What was it like working with Danger Mouse? Oh, and actually the first thing I want to know is whether you got to call him Danger, or whether you just called him Brian?

(Laughs) We just call him Brian. We had a lot of jokes about that actually because I didn’t know either. Whenever you’re meeting someone who has a musical alias, like the hip-hop guys and stuff, you think ‘Shit, I know this guy’s real name, so do I call him that?’ Honestly, when it came to Brian, I had to ask that of a friend. I was like ‘I won’t call him Danger Mouse’ because that’s… I’ll just call him dude or man or something until I figure it out’.

The thing is, Brian is like the most conservative, normal-guy name in the world…

I know right! You don’t expect that from a guy who is so talented and just… revolutionary in pop music. He’s actually just a totally normal guy. So down-to-earth and cool and he’s really become a very close friend. I think he will be forever. He has a significant advantage over most producers I think because he’s an artist himself and he’s been in bands and he gets the dynamic of living together and touring together. That changes his approach. Most producers would be talking about what will work best for radio play and stuff, whereas Brian understands that we’re gonna be playing these songs for the next ten years live and is like, ‘You need to make your decision about how to play this song based on that’, while still taking into account all those other things.

He gave us so much insight into our own careers. He was really, really helpful and gave us such a great advice. About everything you know.
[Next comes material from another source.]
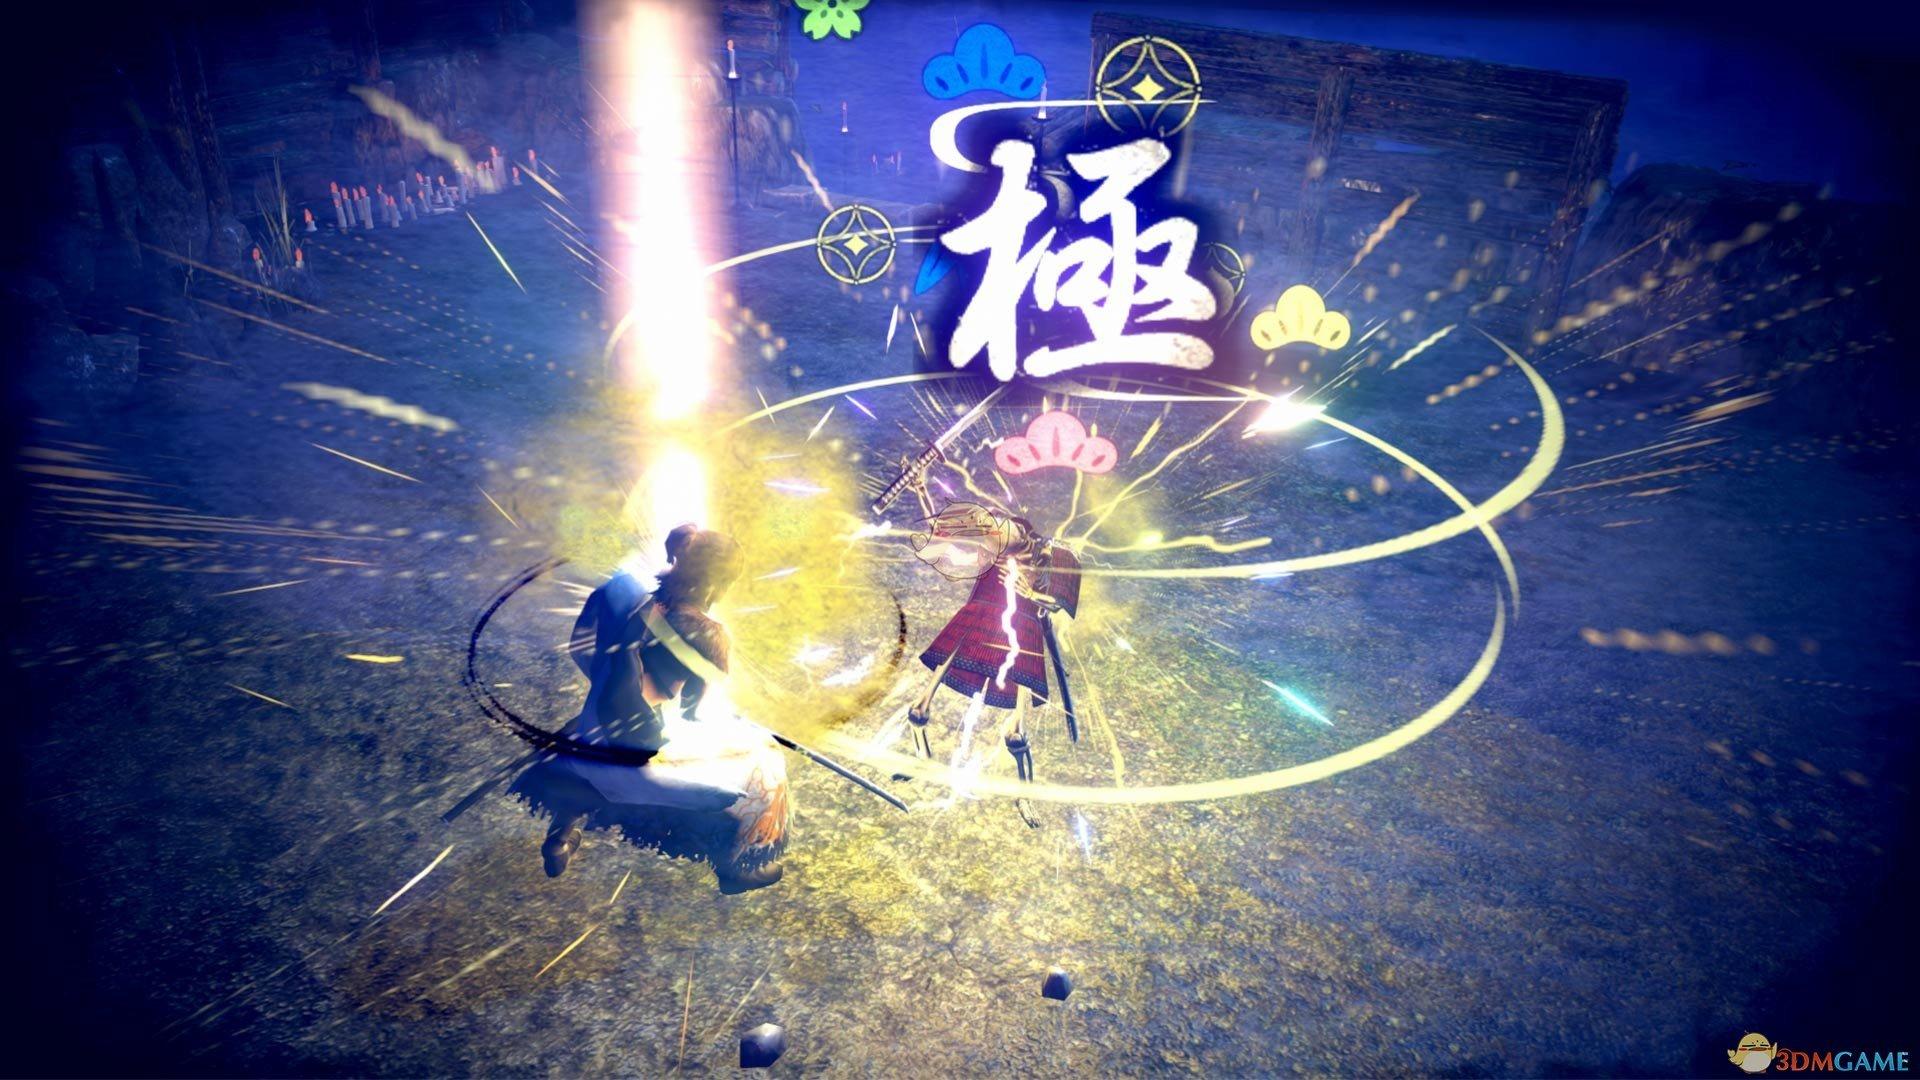 《侍道外传:刀神》游戏各阶段介绍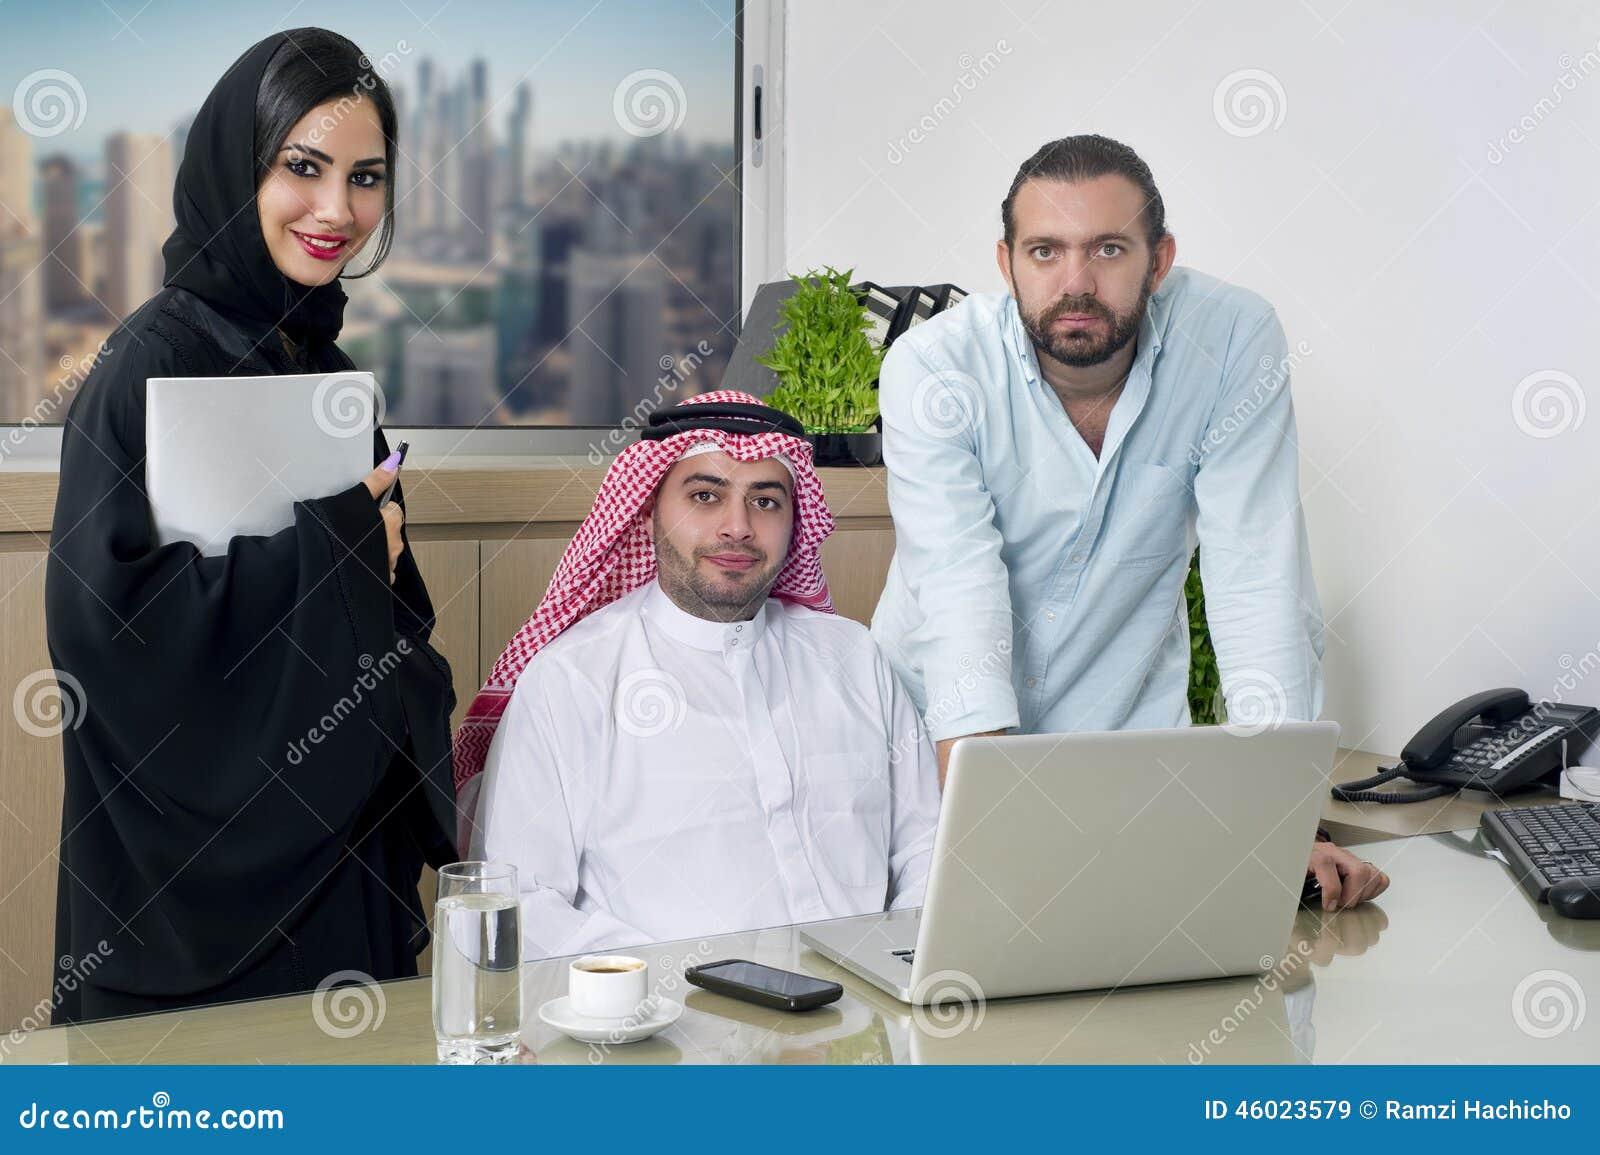 阿拉伯商人&阿拉伯秘书佩带的hijab &一次外国人会议在办公室.图片

If I had girl problems I’d call him up and be like ‘Hey man, so there’s this lady – help me out man’, so yeah, he’s great.

Okay, I do have one more question, which is a weird question to finish on, but I want to know what it’s like working with Atlantic as opposed to being on independent labels in the past?

I’d be lying if I said it hasn’t had a big impact, but it’s not what a lot of people would think. A lot of people think that bands who move to major labels will have to change their music, and none of that happens at all. They completely trust us and we respect their opinions because everybody we work with is a collaborator. We want to work with the label and we’re proud as hell to be on that roster. I remember as a kid looking at records that were Atlantic Records and we’re talking Aretha Franklin and the Rolling Stones – I never would have dreamed that I’d be on the list with those artists. But I guess the difference is that we’re putting even more pressure on ourselves to make better music because we feel like in a way we have the legacy of those artists to uphold. Atlantic have also opened a lot of doors for us that we wouldn’t have been able to. No matter how big we were in our own right or what we’d managed to build ourselves, I’m pretty sure Danger Mouse wouldn’t have answered a phone call from us, but the CEO of Atlantic on the other hand… It definitely helps. They put us in a position where we can do really good things for ourselves.

Thanks for your time!

Thank you, I hope I will get to come down to New Zealand soon.

Do you have any plans to come as a band?

I hope we’ll be able to, but I think even if we don’t make it as a band right away I’d still like to come and visit. We’re coming to Australia soon…

Just throw in a side show!

Yeah that’s what I want to do. I’m from Alaska so I feel a kinship with New Zealand. I really want to go there and John our singer has family over there who came over and watched our shows last time we played in Australia, so yeah. We’ll be over.